The conquerors of the world! Time has passed rapidly on, and Rome, the vaunted mistress of the world, with difficulty grasps her own. Pierced by barbarian hordes, torn by intestine wars, weakened at heart and tottering to her ruin, her last legions have been recalled for her own defence, and the fair provinces of the West are abandoned to the Northern savages, who come, as Gildas relates, “like hungry and ravening wolves rushing with greedy jaws upon the fold.”

Yet once again, a change—and lo!

The Roman even himself must go;

While Dane and Saxon scatter wide

Each remnant of his power and pride.

Enfeebled by long submission to the Roman yoke, deprived of the protection of the forces of the empire, the flower of her youth drafted away to swell the armies of the Emperors Maximus and Constantine, Britain is left in a state of utter defencelessness, and speedily becomes a prey to those warlike hordes that come pouring in from the maritime provinces of Germany, Norway, and Sweden. The period that follows is one of anarchy and confusion, of Saxon conquest and Danish spoliation.

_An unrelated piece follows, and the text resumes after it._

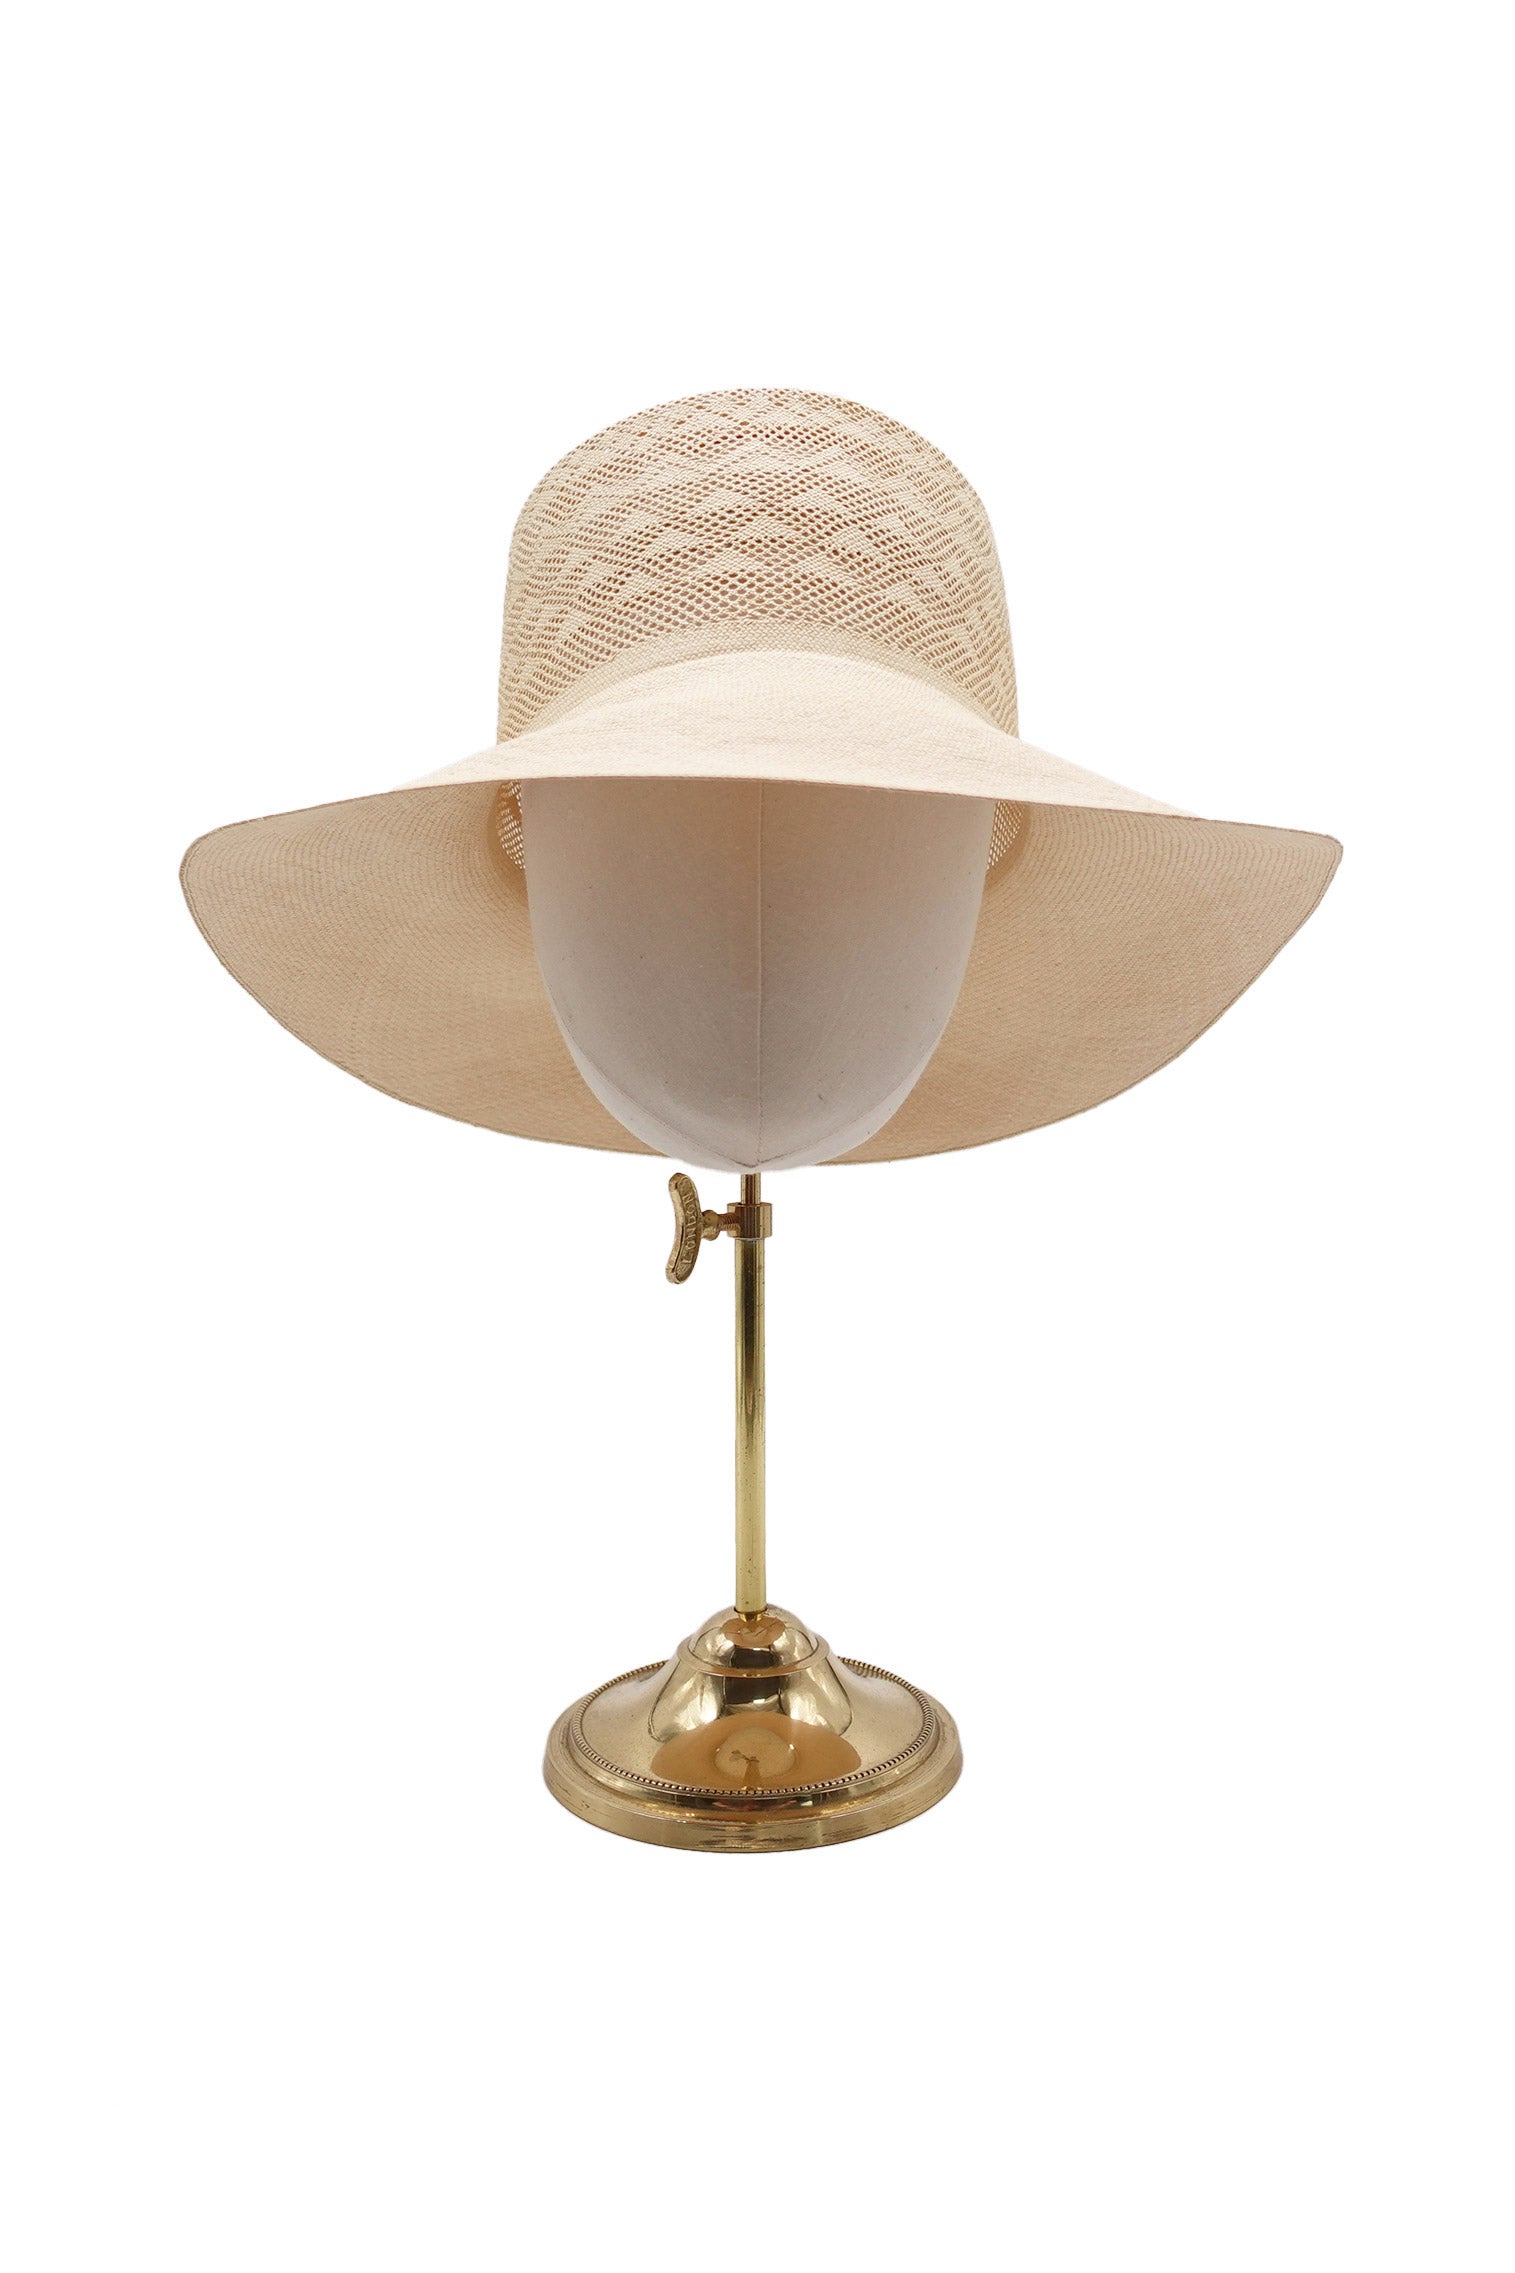 Flora Woven Panama - The Bespoke Embroidered Panama Hat Collection - Lock & Co. Hatters London UK

But we pass on. Another picture is shadowed forth, and what is this that meets the gaze? The scene of fierce war and angry passions, of conquest and oppression, of barbaric rudeness and pagan splendour, is now a desolate and deserted waste, where the frail creations of man are blended with the ever-enduring works of God. The relentless foot of Time has pressed heavily upon these wrecks of human greatness—a few straggling walls, a ruined temple, pavements worn down by the tread of many a Roman foot, broken columns, with fragments of masonry, are all the vestiges that remain to denote the ancient importance of the Roman Rigodunum—all the signs that are left to point out where merchants gathered and where warriors prepared for conquest and for fame.

The departure of the Roman legionaries inflicted a heavy blow on the fortunes of the city. The period of Saxon conquest was followed by the descent of the wild Scandinavian marauders—the Jarls and sea-kings of the North, who, with their piratical hordes, swept the country, leaving the red mark of death and desolation in their wake.